Most canal houses on the Looiersgracht are used as residential houses.
An example of the neck gables that are popular in Amsterdam can be seen at Looiersgracht 21.
This type from 1648 is sometimes referred to as a small Vingboons imitation or miniature Vingboons.

The former Looiersgracht church, also known as Simon de Looier, on Looiersgracht 70-72, is sandwiched between the houses and stands out only for its shouldered spout with high windows.
The facade of this late 19th-century gallery church is divided into three parts by narrow brick pilasters.
Inside, the simple space is particularly striking, since the galleries are supported by cast-iron columns.
Because the church is crowded by houses, some of the lighting comes through windows in the barrel vault.
The Bible Center "Bij Simon de Looier" is housed here.

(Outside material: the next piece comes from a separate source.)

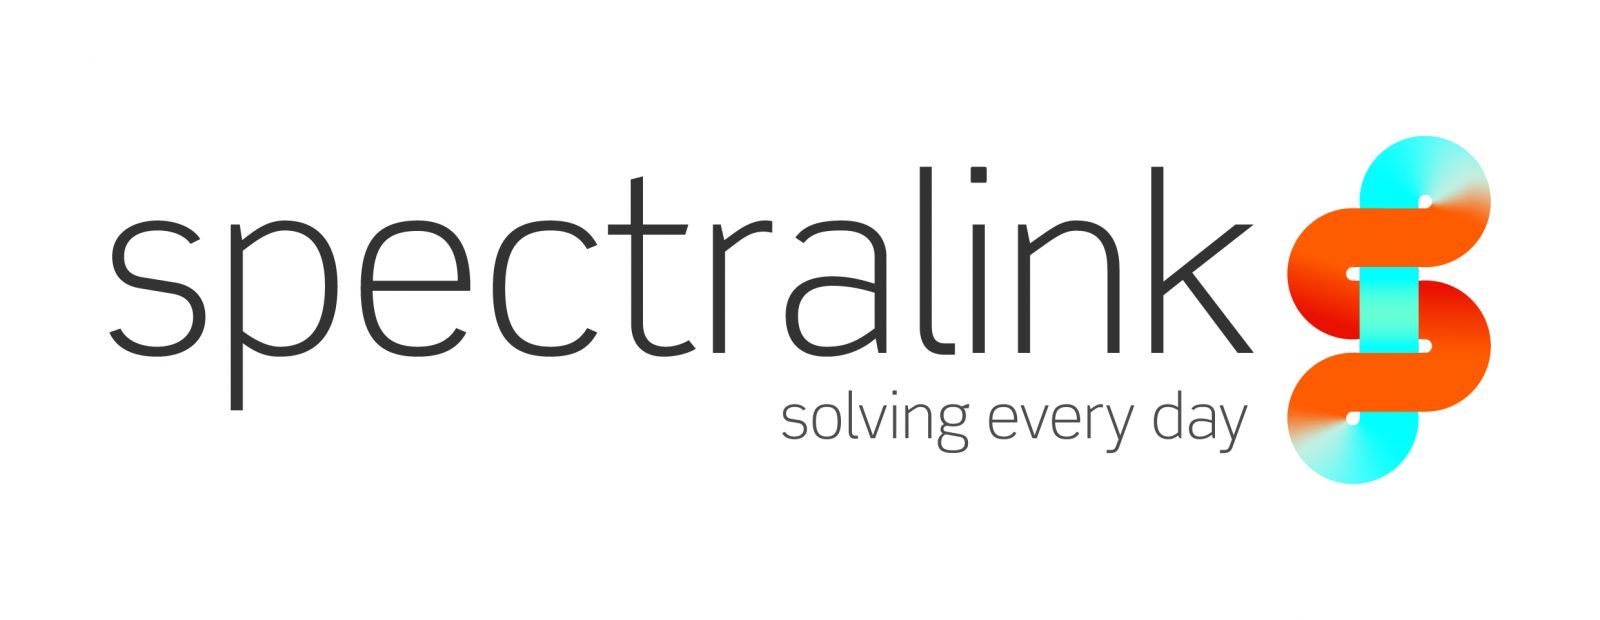 spectralink-logo

A bible shop is located in the entrance.

==Trivia==
- The ' Looierssluis ' (bridge 103) is located over the Looiersgracht at the Prinsengracht.
- Bridge 100 is located on the Lijnbaansgracht and at Eerste Looiersdwarsstraat there is (pedestrian) bridge 102, they are both municipal monuments.
- The MV Looiersgracht is a cargo ship from the Spliethoff charter office .
- From 1992 to 1997 the Osho's Supernova Cultural Center Archive in Amsterdam was located in a former carpentry factory on Looiersgracht (no. 43).